In this guide, I'll show you how to find if value in one string or list column is contained in another string column in the same row. In the article are present 3 different ways to achieve the same result.
These examples can be used to find a relationship between two columns in a DataFrame.
Dataset: IMDB 5000 Movie Dataset
Step 1: Check If String Column Contains Substring of Another with Function
The first solution is the easiest one to understand and work it. It is easy for customization and maintenance.
To start, we will define a function which will be used to perform the check. Then the function will be invoked by using apply:
def find_value_column(row):
return row.country in row.movie_title
df[df.apply(find_value_column, axis=1)][['movie_title', 'country']]
which will result in:
| movie_title | country | |
|---|---|---|
| 196 | Australia | Australia |
| 2504 | McFarland, USA | USA |
What will happen if there are NaN values in one of the columns?
def find_value_column(row):
return row.movie_title.lower().strip() in row.plot_keywords
df[df.apply(find_value_column, axis=1)][['movie_title', 'plot_keywords']].head(10)
Then error will be raised:
TypeError: ("argument of type 'float' is not iterable", 'occurred at index 4')
There is easy solution for this error - convert the column NaN values to empty list values thus:
for row in df.loc[df.plot_keywords.isnull(), 'plot_keywords'].index:
df.at[row, 'plot_keywords'] = []
now we get proper results like:
Step 2: Check If Column Contains Another Column with Lambda
The second solution is similar to the first - in terms of performance and how it is working - one but this time we are going to use lambda. The advantage of this way is - shortness:
df[df.apply(lambda x: x.country in x.movie_title, axis=1)][['movie_title', 'country']]

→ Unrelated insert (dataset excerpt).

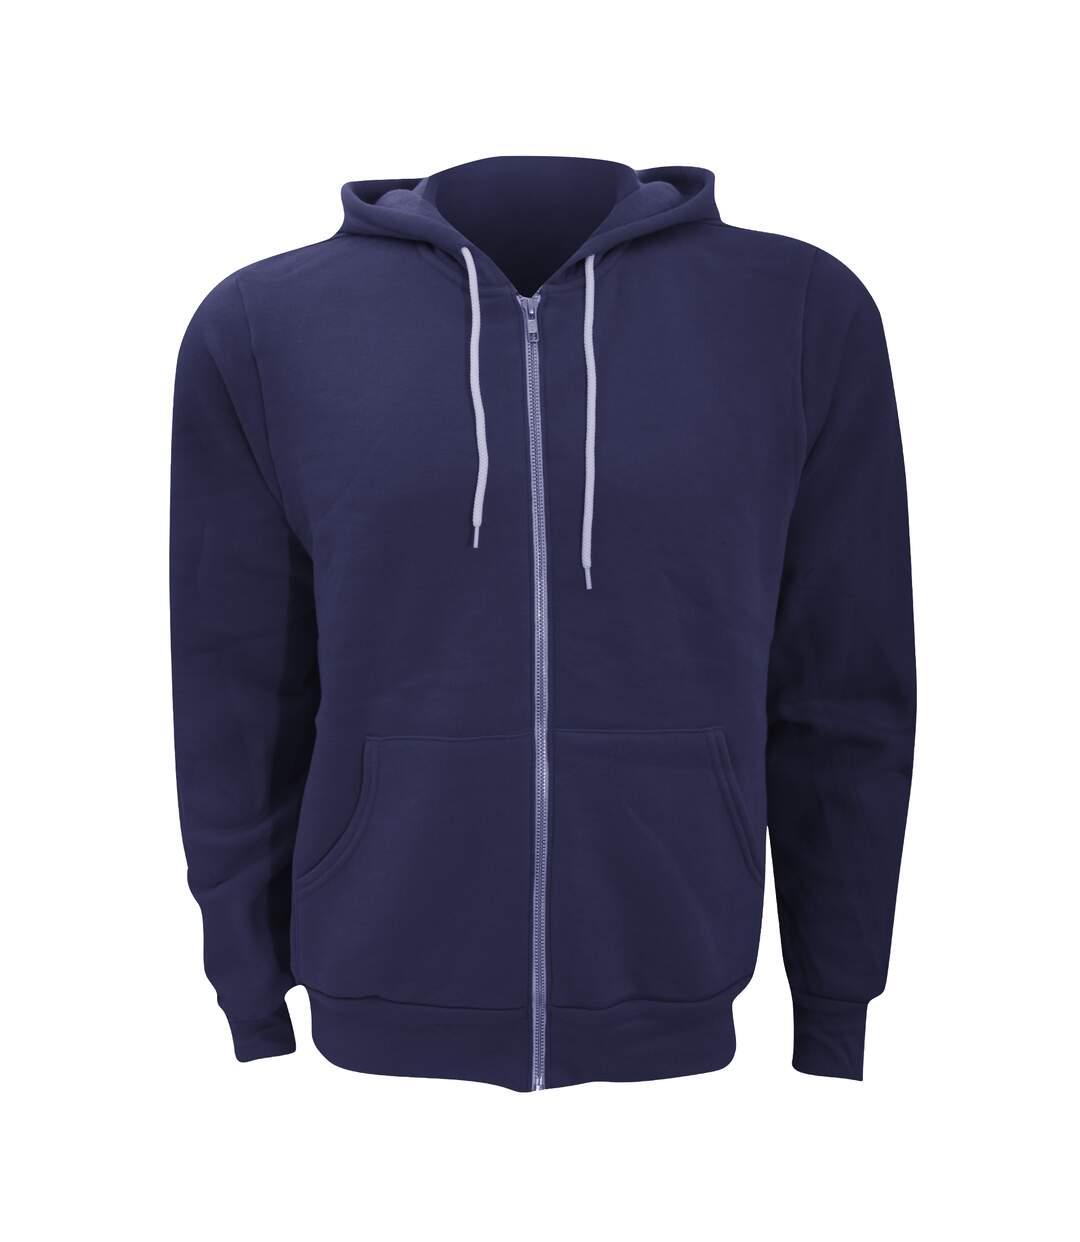 Canvas Unixex Zip-up Polycotton Fleece Hooded Sweatshirt / Hoodie (Navy Blue) - UTBC1337
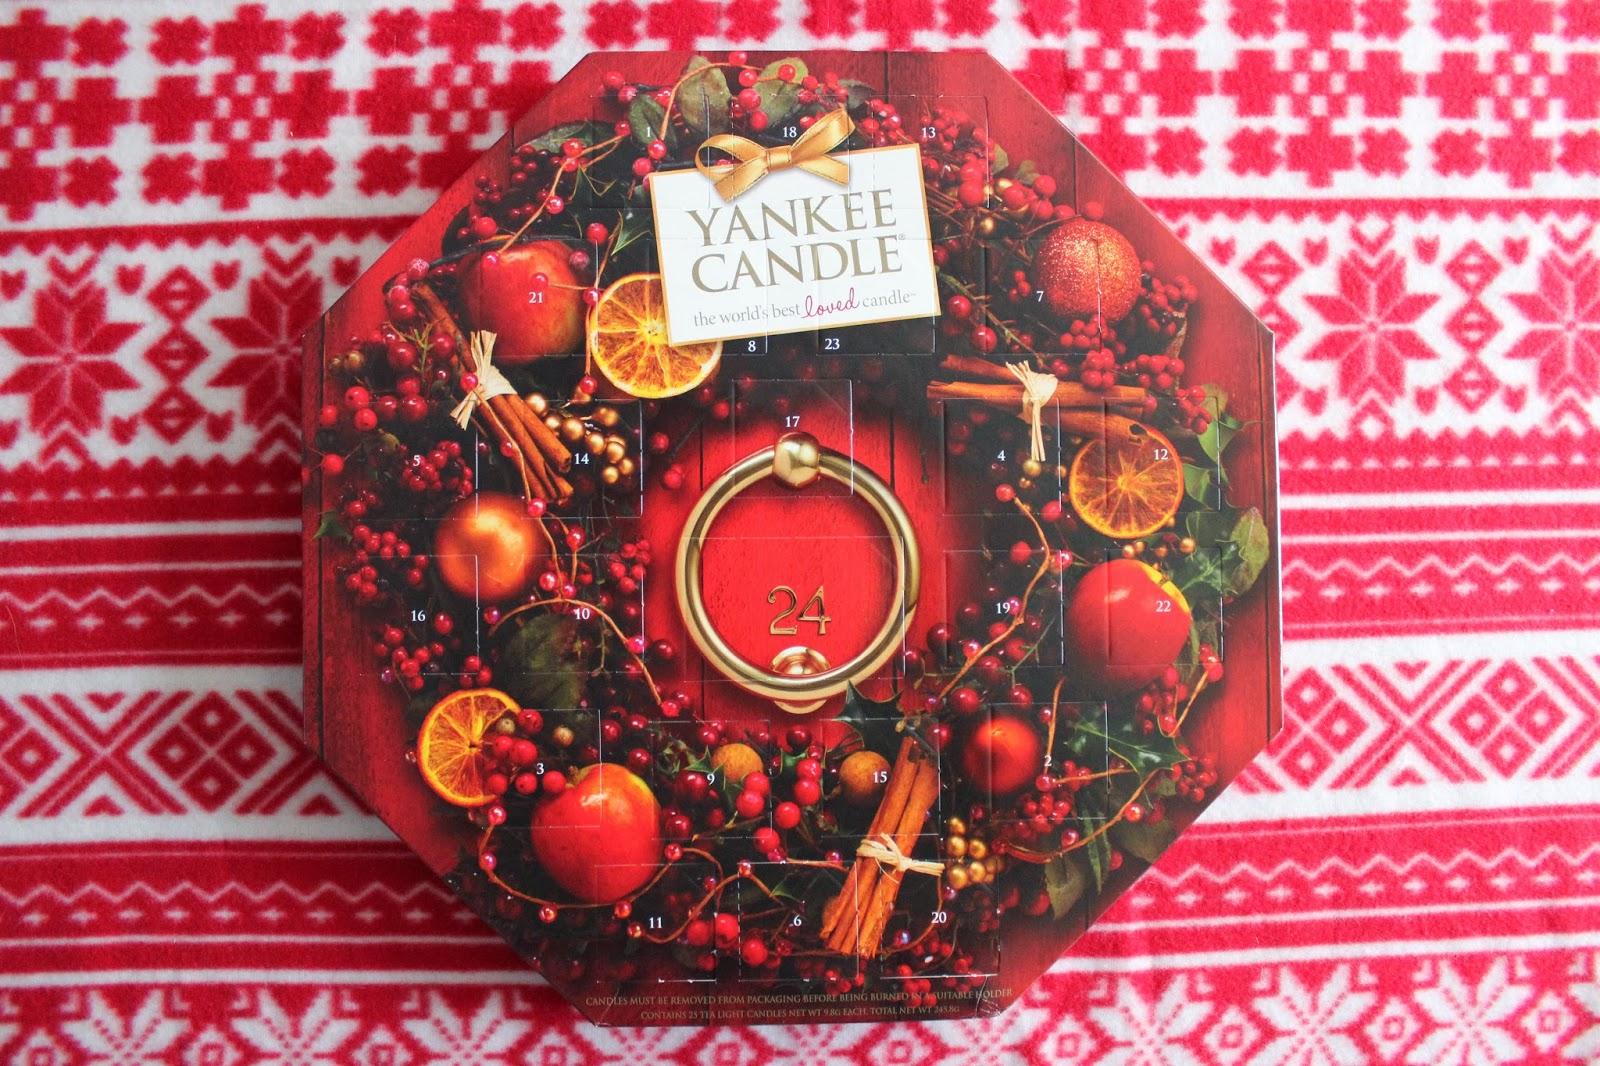 yankee candle adventni kalendar YANKEE CANDLE ADVENT CALENDAR yankee candle adventni kalendar

| movie_title | country | |
|---|---|---|
| 196 | Australia | Australia |
| 2504 | McFarland, USA | USA |
A possible disadvantage of this method is the need to know how apply and lambda works and how to deal with errors if any.
For example this piece of code similar but will result in error like:
df.apply(lambda row: df.country in df.movie_title, axis=1)
output:
TypeError: ("'Series' objects are mutable, thus they cannot be hashed", 'occurred at index 0')
It may be obvious for some people but a novice will have hard time to understand what is going on.
Step 3: Fastest Way to Check If One Column Contains Another
This solution is the fastest one. It is short and easy to understand. It includes zip on the selected data. In this case data can be used from two different DataFrames.
df[[x[0] in x[1] for x in zip(df['country'], df['movie_title'])]][['movie_title', 'country']]
| movie_title | country | |
|---|---|---|
| 196 | Australia | Australia |
| 2504 | McFarland, USA | USA |
again if the column contains NaN values they should be filled with default values like:
df['country'].fillna('Uknown', inplace=True)
Step 4: For Loop and df.iterrows() Version
The final solution is the most simple one and it's suitable for beginners. Iterates over the rows one by one and perform the check. This solution is the slowest one:
for i, row in df.iterrows():
if row.country in row.movie_title:
print(row.country, row.movie_title)
result:
Australia Australia
USA McFarland, USA
Bonus Step: Check If List Column Contains Substring of Another with Function
Now lets assume that we would like to check if any value from column plot_keywords:
- avatar|future|marine|native|paraplegic
- bomb|espionage|sequel|spy|terrorist
is part of the movie title.
In this case we can:
- split the string column into a list
- convert NaN values to empty list
- perform search for each word in the list against the title
df['keywords'] = df.plot_keywords.str.split('|')
Now we have two different options:
Skip the conversion of NaN but check them in the function:
def find_value_column(row):
if isinstance(row['keywords'], list):
for keyword in row['keywords']:
return keyword in row.movie_title.lower()
else:
return False
df[df.apply(find_value_column, axis=1)][['movie_title', 'keywords']].head()
or
Convert all the NaN values:
df['keywords'] = df['keywords'].apply(lambda d: d if isinstance(d, list) else [])
def find_value_column(row):
for keyword in row['keywords']:
return keyword in row.movie_title.lower()
return False
df[df.apply(find_value_column, axis=1)][['movie_title', 'keywords']].head()
results in:
Performance check
Below you can find results of all solutions and compare their speed:
- 10 loops, best of 3: 152 ms per loop
- 10 loops, best of 3: 153 ms per loop
- 1000 loops, best of 3: 1.69 ms per loop
- 1 loop, best of 3: 580 ms per loop
So the one in step 3 - zip one - is the fastest and outperform the others by magnitude. In my everyday work I prefer to use 2 and 3(for high volume data) in most cases and only in some case 1 - when there is complex logic to be implemented.